_What you should do_. Below is a listing. Write out exactly its lines between the one holding "Danneel Ackles and husband Jensen Ackles" and the one holding "Knorr Suppenliebe Rindfleisch Suppe 3 Teller", inclusive.

*** Begin section ***

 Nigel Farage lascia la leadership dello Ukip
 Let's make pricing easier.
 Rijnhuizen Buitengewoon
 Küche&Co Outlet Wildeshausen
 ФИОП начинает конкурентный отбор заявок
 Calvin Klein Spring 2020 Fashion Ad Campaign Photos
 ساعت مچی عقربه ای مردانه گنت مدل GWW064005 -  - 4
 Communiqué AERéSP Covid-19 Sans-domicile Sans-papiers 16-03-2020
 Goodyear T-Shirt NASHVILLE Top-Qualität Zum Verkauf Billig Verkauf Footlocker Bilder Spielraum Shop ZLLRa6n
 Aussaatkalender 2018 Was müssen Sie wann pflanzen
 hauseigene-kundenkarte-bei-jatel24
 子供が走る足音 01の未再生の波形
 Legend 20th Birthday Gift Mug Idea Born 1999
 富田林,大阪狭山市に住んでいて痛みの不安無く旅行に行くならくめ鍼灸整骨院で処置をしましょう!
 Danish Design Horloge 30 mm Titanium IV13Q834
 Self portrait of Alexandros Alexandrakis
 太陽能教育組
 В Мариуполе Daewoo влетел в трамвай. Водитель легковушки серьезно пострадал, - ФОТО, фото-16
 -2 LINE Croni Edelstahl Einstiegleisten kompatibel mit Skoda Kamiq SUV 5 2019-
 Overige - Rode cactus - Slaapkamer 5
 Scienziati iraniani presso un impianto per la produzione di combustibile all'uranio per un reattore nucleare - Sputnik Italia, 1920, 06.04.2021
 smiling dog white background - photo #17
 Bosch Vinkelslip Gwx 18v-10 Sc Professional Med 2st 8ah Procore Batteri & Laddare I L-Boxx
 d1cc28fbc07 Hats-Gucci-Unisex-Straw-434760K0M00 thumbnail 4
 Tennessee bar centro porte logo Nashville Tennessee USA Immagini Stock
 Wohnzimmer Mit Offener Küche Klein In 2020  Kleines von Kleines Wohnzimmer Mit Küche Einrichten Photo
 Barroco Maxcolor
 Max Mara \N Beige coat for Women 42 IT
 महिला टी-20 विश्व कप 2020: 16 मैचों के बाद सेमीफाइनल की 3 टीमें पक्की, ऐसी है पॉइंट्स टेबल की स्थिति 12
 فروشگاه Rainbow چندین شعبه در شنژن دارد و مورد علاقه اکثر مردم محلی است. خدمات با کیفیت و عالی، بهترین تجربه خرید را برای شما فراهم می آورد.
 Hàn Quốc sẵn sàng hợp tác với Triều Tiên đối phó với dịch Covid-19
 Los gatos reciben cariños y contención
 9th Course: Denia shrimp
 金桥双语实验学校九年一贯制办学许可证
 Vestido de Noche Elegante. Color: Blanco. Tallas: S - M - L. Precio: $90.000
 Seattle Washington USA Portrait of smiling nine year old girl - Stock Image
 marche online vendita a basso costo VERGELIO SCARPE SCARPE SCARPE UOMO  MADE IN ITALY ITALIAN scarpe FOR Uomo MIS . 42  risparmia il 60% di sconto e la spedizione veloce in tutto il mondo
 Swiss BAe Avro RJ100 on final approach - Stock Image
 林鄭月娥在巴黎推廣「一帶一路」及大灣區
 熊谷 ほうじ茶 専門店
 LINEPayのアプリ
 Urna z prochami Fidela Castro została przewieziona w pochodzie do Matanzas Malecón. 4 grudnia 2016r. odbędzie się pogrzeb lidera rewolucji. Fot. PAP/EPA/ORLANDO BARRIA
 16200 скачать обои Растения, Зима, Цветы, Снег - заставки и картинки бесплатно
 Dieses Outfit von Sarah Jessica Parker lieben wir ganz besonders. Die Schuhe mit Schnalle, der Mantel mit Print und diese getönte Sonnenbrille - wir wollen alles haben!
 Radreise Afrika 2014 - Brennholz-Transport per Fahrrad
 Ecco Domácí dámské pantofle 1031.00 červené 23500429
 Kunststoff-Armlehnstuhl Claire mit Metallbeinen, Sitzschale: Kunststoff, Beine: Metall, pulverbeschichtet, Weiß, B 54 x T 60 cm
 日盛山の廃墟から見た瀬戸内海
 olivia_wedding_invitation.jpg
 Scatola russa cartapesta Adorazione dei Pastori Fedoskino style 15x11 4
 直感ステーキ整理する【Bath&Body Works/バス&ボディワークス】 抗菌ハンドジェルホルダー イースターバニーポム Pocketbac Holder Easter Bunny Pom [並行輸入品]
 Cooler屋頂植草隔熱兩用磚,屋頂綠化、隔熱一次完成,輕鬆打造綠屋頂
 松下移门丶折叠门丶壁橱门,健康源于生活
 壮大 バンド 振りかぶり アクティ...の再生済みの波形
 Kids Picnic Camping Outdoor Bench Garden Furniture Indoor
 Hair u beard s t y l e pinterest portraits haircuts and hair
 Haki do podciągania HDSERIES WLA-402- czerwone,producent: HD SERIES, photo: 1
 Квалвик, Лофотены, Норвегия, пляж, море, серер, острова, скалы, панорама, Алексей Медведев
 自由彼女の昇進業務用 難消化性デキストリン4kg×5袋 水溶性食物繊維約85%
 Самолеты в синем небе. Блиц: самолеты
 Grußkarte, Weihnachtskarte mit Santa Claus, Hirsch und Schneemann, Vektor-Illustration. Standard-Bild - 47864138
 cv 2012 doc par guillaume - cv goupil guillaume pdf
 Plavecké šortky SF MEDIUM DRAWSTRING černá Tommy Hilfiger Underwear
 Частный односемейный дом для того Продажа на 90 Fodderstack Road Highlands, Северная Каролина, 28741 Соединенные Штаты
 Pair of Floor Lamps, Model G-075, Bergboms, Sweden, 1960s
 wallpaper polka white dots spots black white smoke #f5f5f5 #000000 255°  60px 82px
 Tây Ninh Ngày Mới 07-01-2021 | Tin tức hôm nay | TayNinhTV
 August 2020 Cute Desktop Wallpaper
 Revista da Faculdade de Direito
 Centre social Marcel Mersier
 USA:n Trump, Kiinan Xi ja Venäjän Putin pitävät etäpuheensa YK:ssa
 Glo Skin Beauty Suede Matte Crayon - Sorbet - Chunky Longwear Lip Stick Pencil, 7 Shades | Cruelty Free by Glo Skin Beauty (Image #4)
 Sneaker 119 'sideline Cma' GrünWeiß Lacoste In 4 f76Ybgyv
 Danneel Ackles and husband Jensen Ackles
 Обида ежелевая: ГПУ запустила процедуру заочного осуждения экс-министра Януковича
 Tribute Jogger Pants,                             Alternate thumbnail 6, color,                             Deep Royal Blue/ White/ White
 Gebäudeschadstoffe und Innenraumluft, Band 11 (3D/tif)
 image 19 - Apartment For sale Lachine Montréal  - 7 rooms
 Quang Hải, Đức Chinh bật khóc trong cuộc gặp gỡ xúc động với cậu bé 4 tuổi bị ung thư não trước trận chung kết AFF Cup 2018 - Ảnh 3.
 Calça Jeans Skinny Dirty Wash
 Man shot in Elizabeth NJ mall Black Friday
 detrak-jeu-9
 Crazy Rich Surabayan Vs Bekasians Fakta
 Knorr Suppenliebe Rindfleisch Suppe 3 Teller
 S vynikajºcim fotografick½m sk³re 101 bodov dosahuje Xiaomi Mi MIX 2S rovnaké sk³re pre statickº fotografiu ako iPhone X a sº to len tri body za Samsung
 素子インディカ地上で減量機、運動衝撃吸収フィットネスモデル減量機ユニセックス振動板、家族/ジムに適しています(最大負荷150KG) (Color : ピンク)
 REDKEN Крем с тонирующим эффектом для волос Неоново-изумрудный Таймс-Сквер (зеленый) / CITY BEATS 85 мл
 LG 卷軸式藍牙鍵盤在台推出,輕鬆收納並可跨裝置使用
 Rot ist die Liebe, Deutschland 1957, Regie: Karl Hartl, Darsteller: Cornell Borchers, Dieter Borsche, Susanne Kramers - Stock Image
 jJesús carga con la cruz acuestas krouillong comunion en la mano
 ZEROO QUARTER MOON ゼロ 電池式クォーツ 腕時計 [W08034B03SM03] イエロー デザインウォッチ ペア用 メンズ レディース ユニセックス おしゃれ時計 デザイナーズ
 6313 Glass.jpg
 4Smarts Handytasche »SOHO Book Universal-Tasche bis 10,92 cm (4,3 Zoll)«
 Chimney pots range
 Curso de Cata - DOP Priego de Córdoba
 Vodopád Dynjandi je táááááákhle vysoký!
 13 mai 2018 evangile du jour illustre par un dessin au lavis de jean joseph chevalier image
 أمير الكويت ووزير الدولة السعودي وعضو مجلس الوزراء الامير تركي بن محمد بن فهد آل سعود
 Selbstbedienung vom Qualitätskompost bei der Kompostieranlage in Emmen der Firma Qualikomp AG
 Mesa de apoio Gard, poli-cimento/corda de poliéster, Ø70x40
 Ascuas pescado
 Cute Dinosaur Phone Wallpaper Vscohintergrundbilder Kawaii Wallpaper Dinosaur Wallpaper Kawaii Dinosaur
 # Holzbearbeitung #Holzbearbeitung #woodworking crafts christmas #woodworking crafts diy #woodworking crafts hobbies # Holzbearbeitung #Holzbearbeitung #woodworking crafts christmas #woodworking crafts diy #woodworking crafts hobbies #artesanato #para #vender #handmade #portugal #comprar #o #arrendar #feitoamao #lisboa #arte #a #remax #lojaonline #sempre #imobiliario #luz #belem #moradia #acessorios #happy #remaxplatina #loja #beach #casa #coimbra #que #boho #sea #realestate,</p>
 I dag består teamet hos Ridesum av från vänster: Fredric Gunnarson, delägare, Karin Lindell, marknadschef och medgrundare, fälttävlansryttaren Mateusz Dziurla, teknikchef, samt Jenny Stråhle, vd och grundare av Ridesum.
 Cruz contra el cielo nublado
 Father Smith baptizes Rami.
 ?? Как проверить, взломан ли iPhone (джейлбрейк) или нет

*** End section ***

_Solution below_.
 Danneel Ackles and husband Jensen Ackles
 Обида ежелевая: ГПУ запустила процедуру заочного осуждения экс-министра Януковича
 Tribute Jogger Pants,                             Alternate thumbnail 6, color,                             Deep Royal Blue/ White/ White
 Gebäudeschadstoffe und Innenraumluft, Band 11 (3D/tif)
 image 19 - Apartment For sale Lachine Montréal  - 7 rooms
 Quang Hải, Đức Chinh bật khóc trong cuộc gặp gỡ xúc động với cậu bé 4 tuổi bị ung thư não trước trận chung kết AFF Cup 2018 - Ảnh 3.
 Calça Jeans Skinny Dirty Wash
 Man shot in Elizabeth NJ mall Black Friday
 detrak-jeu-9
 Crazy Rich Surabayan Vs Bekasians Fakta
 Knorr Suppenliebe Rindfleisch Suppe 3 Teller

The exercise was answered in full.